Material provided >>
____________________

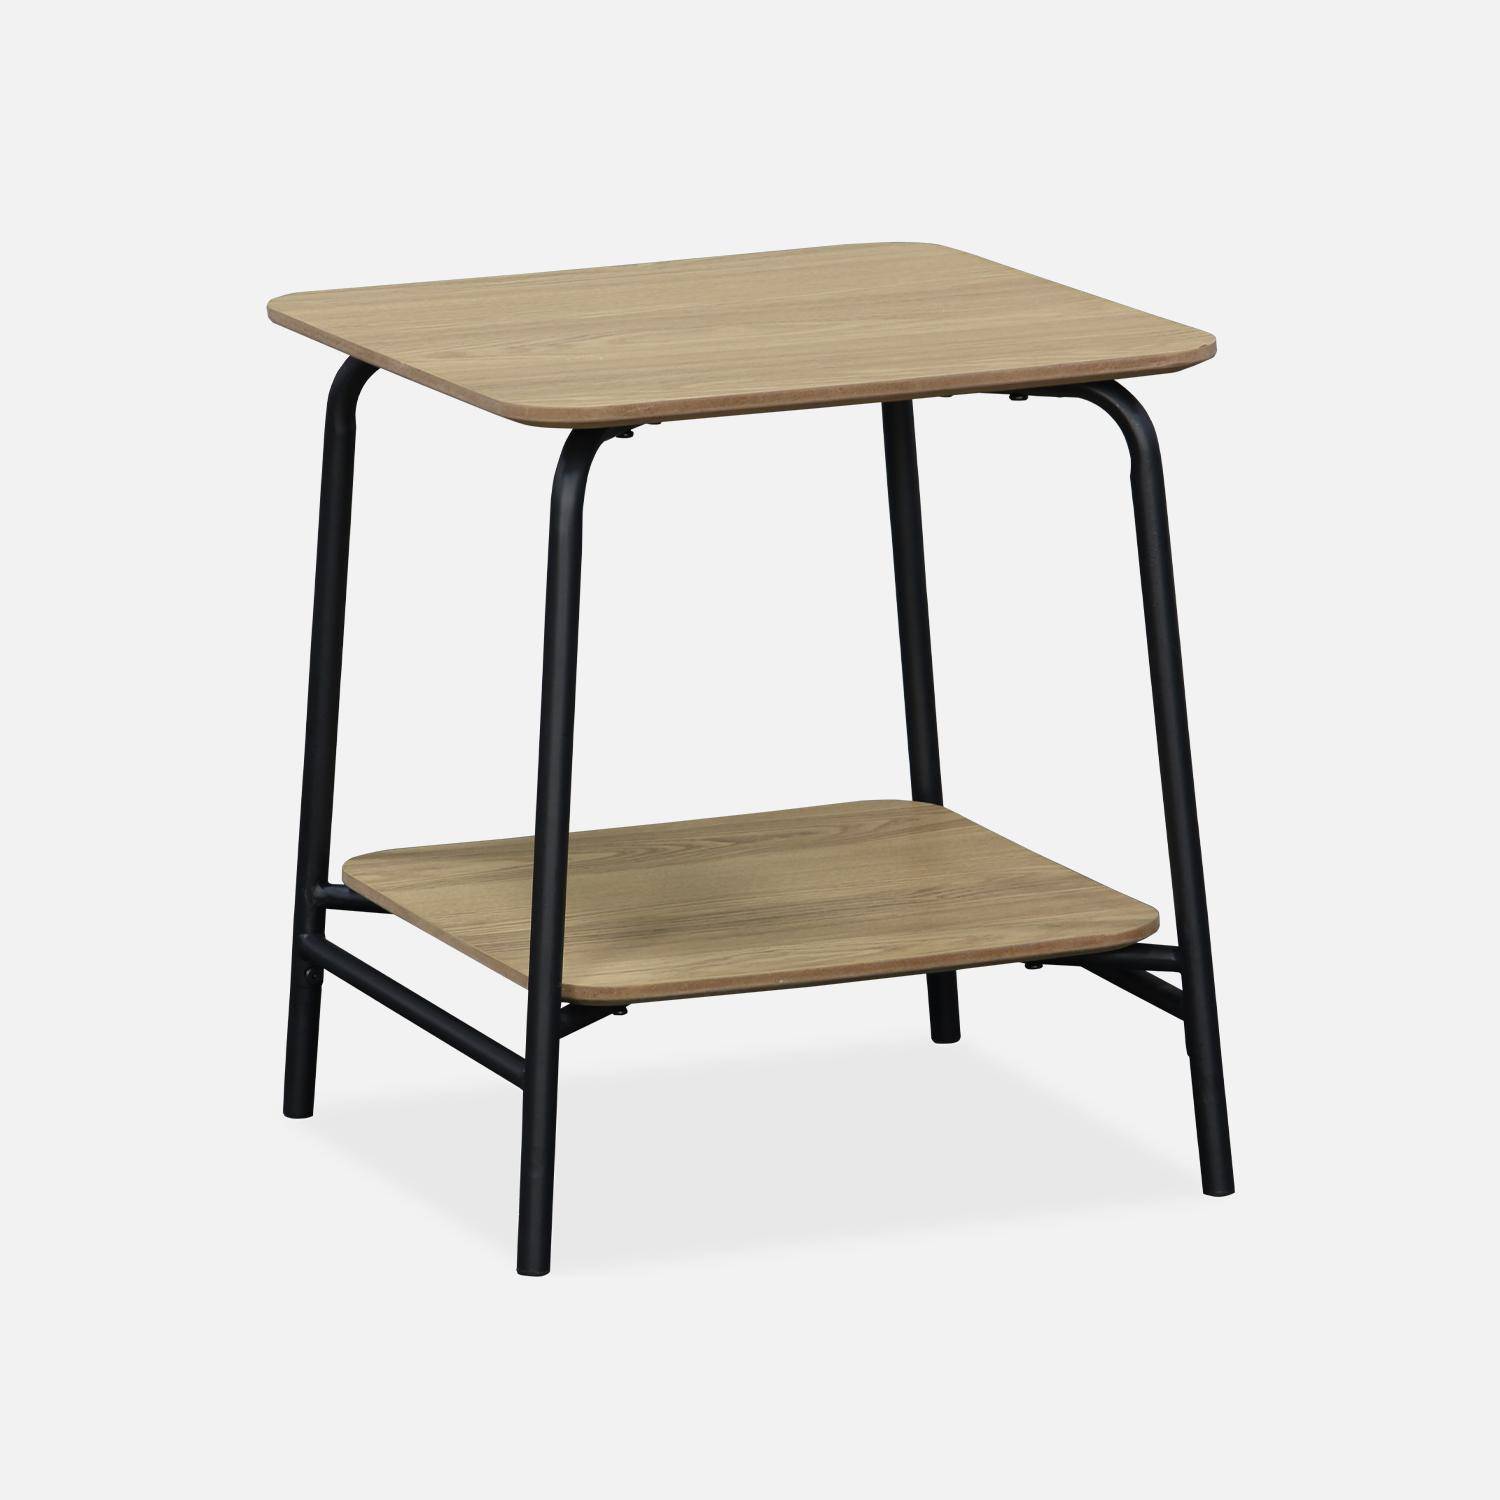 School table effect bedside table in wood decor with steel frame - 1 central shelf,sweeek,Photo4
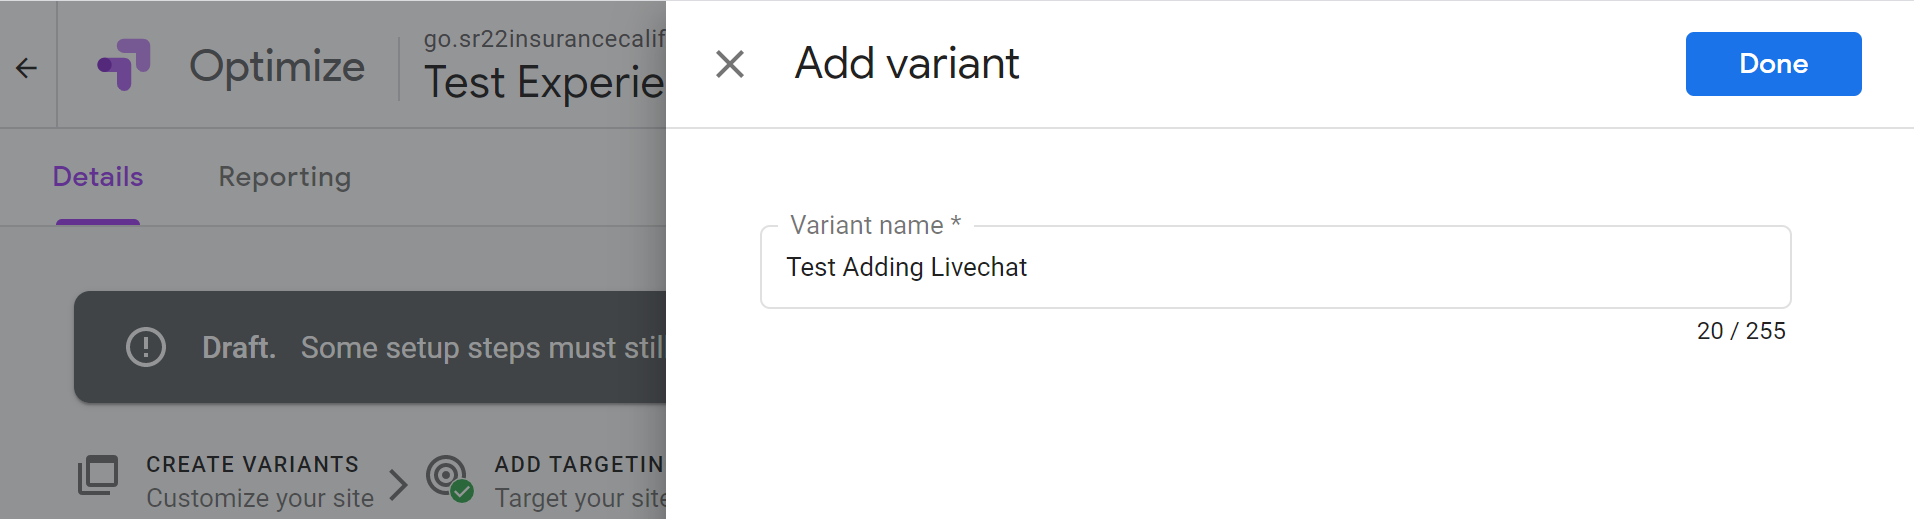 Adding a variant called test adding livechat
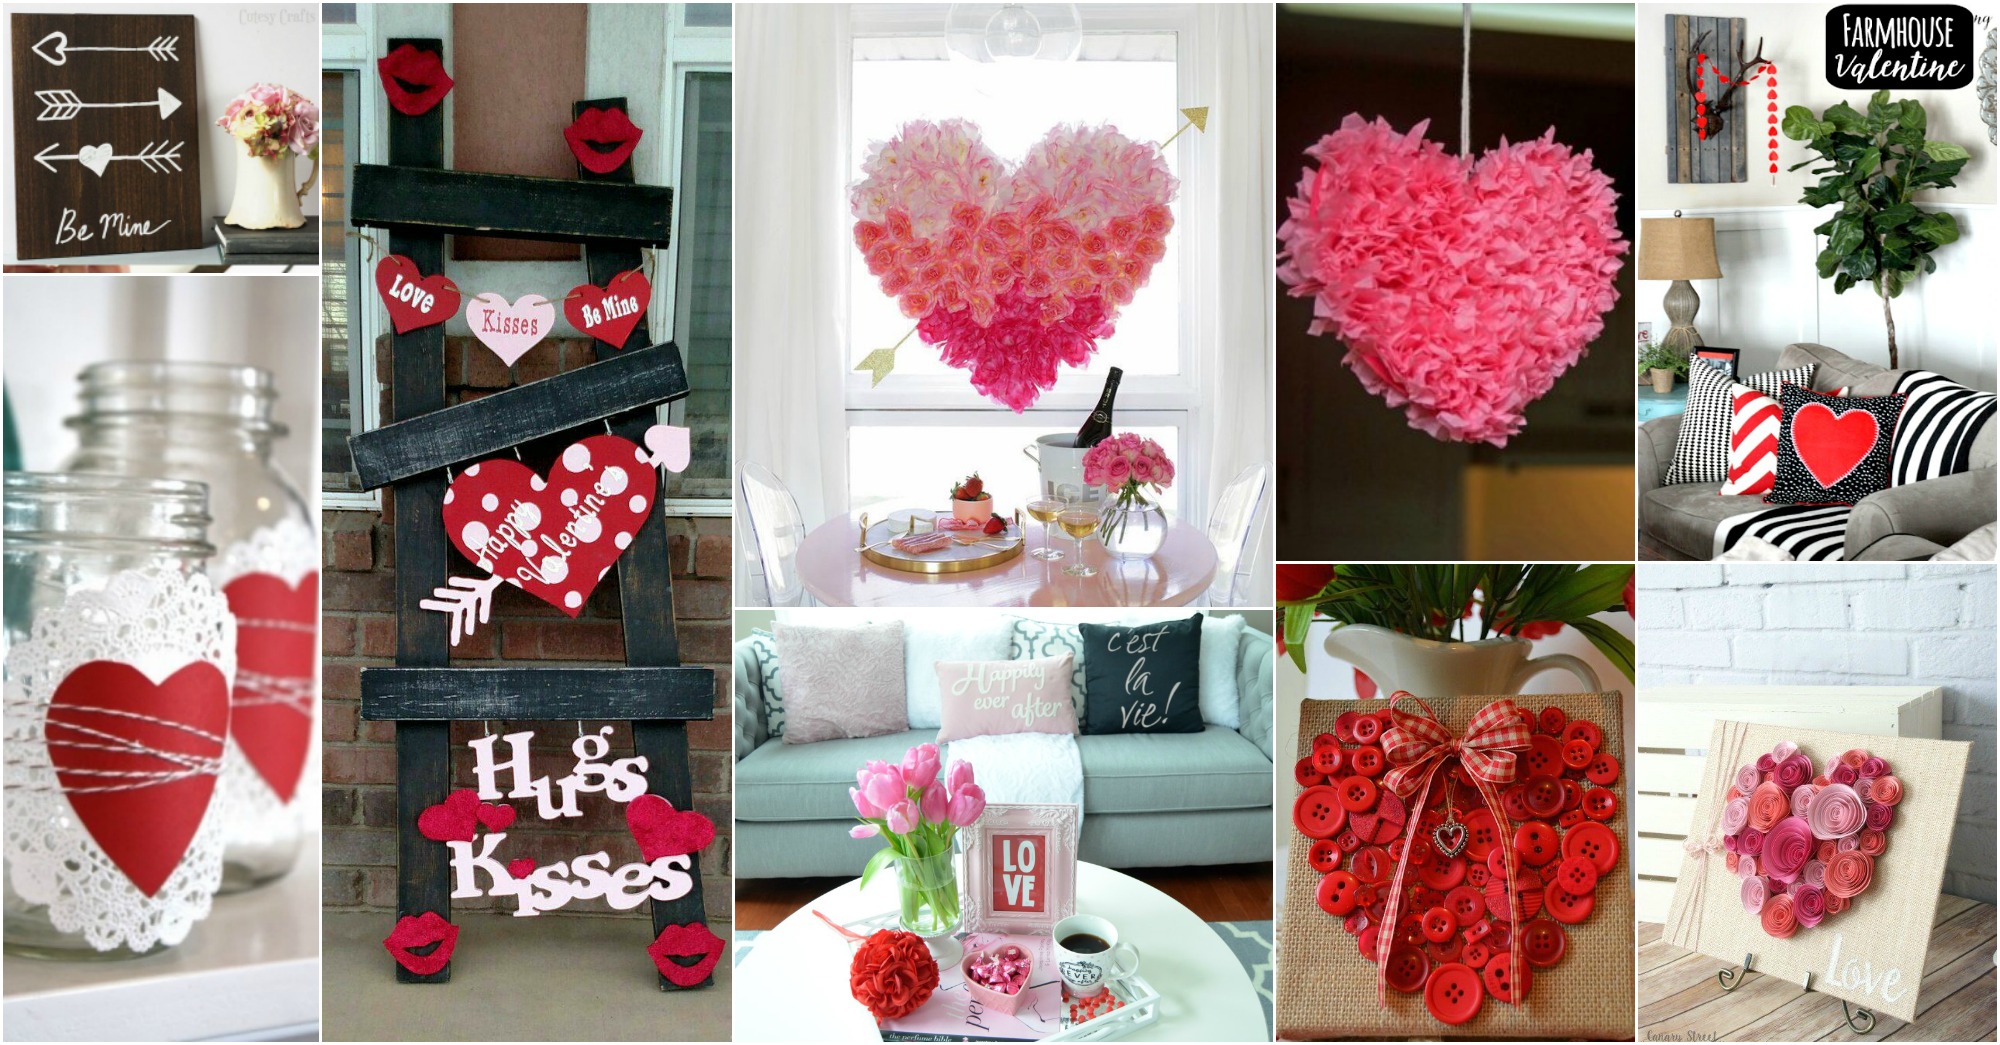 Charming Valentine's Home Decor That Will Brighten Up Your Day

____________________

What the task asks >> Pictures are to be left out; all other data must be returned exactly.

Answer >>
 School table effect bedside table in wood decor with steel frame - 1 central shelf,sweeek,Photo4
 Adding a variant called test adding livechat
 Charming Valentine's Home Decor That Will Brighten Up Your Day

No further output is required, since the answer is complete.